Howard "Howie" Grant Barrett wasn't your typical technology-oriented Martin Marietta employee.
The former Marine graduated from a watchmaker college and an art school before working as an art director for the defense contractor from 1969 until he retired in 1992. The 84-year-old Orlando resident died of lung cancer June 28.

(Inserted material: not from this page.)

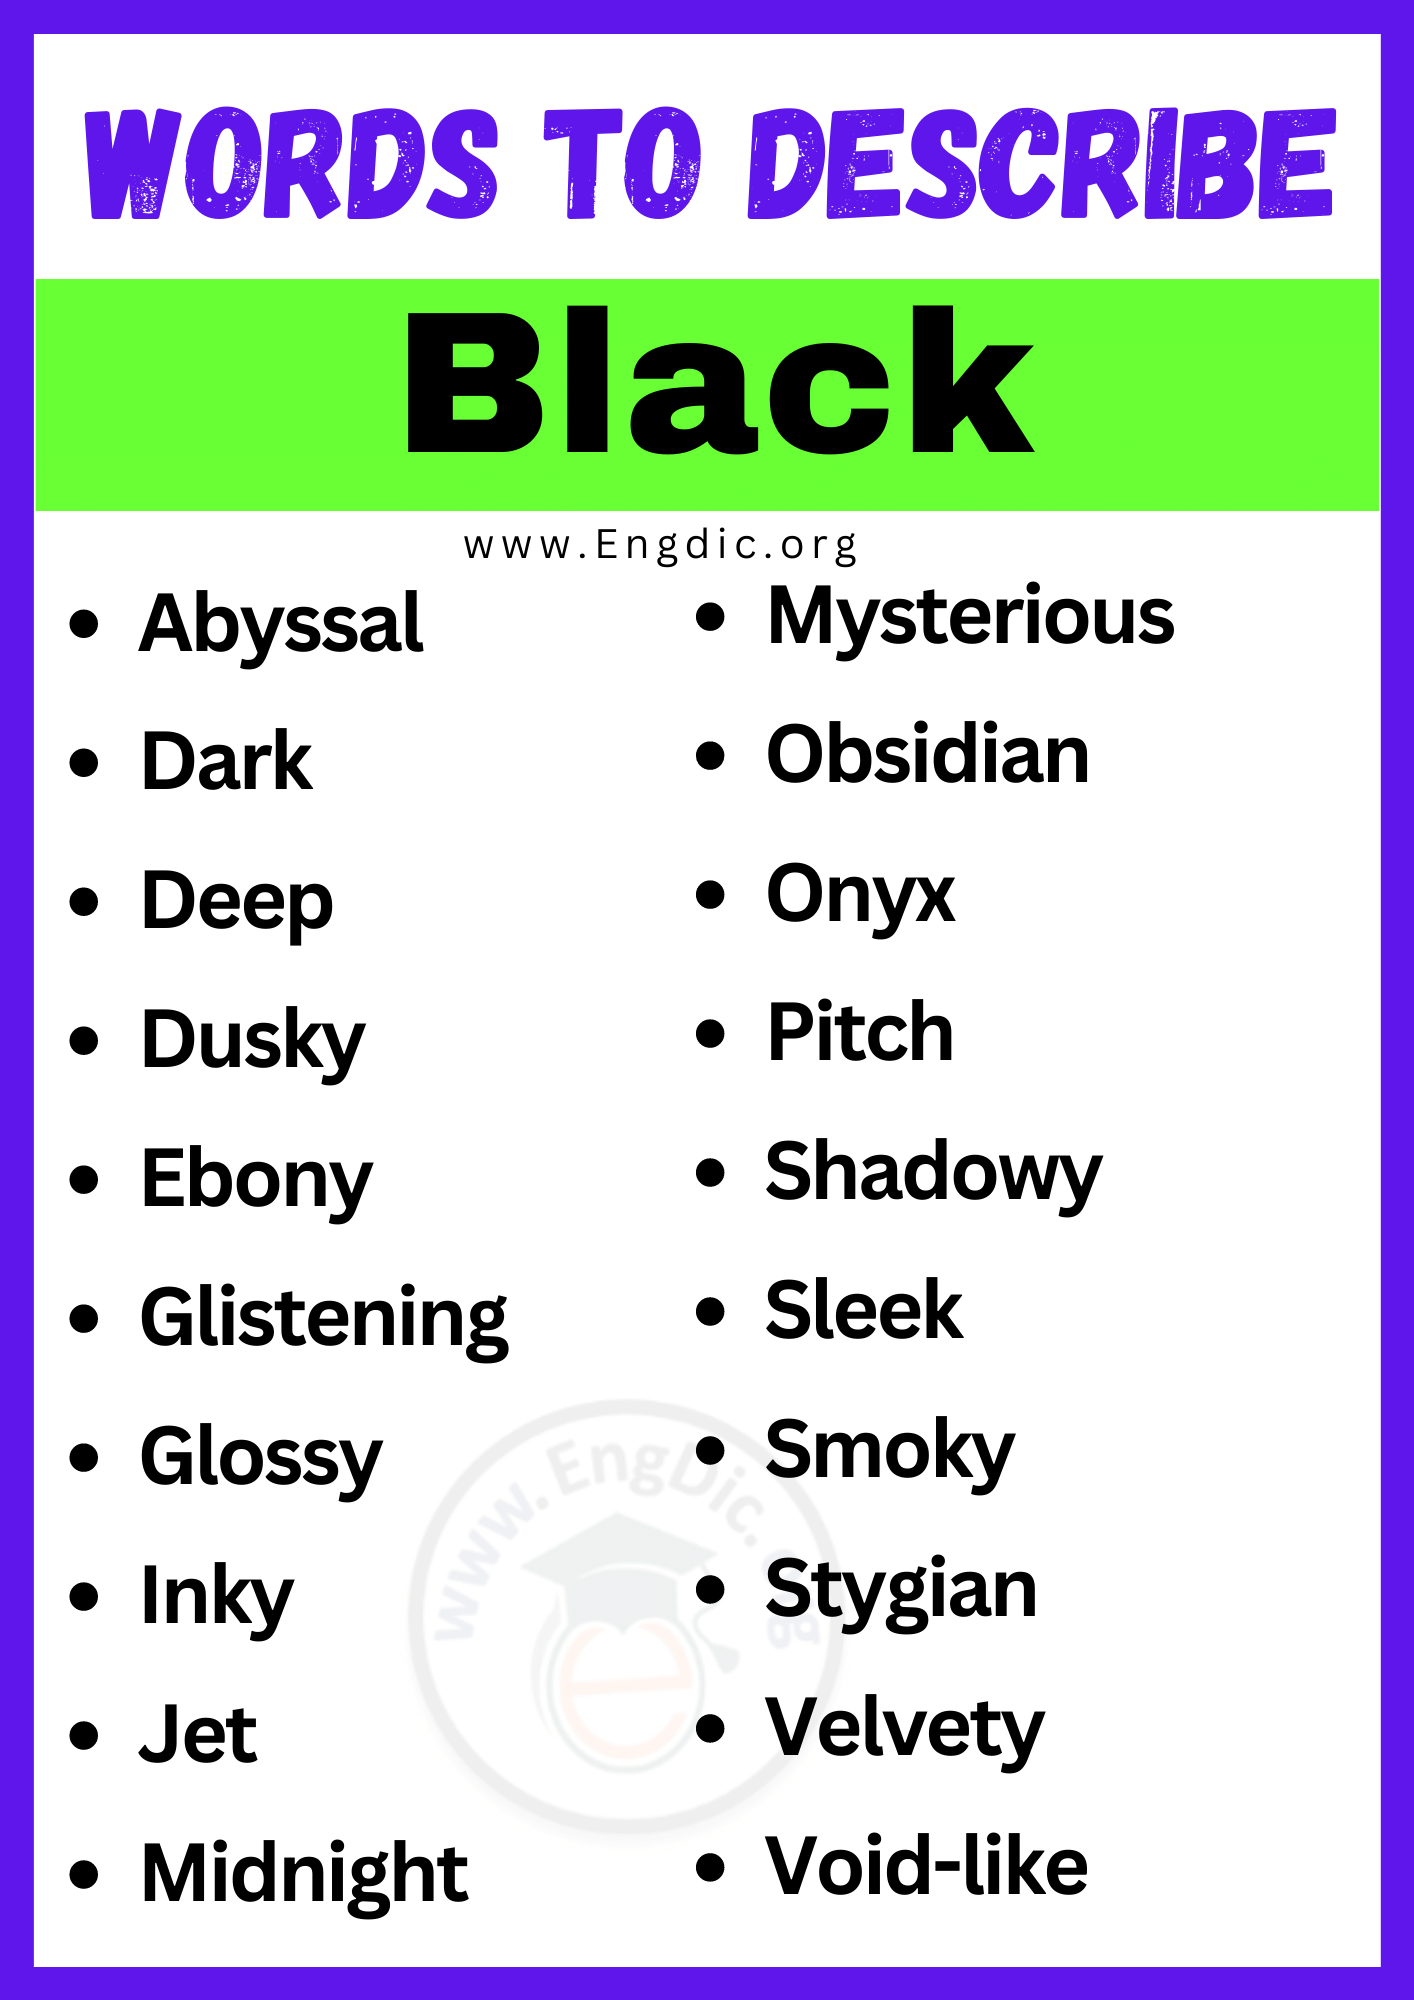 Words to Describe Black (1)

Barrett and his design team at Martin Marietta, which later became Lockheed Martin, illustrated and otherwise polished proposals so they would look more professional and compelling, his son said. In the days before computer-generated graphics, Barrett ensured that Martin's bid proposals stood out from competitors'.
His vision and design touch helped win new contracts, his son said.
Barrett put his artistic abilities to work outside the office, too. He experimented with drawing cartoons on 35mm film cells. He did watercolors of neighborhood children and family members and painted rich scenes of old train yards, houses and buildings.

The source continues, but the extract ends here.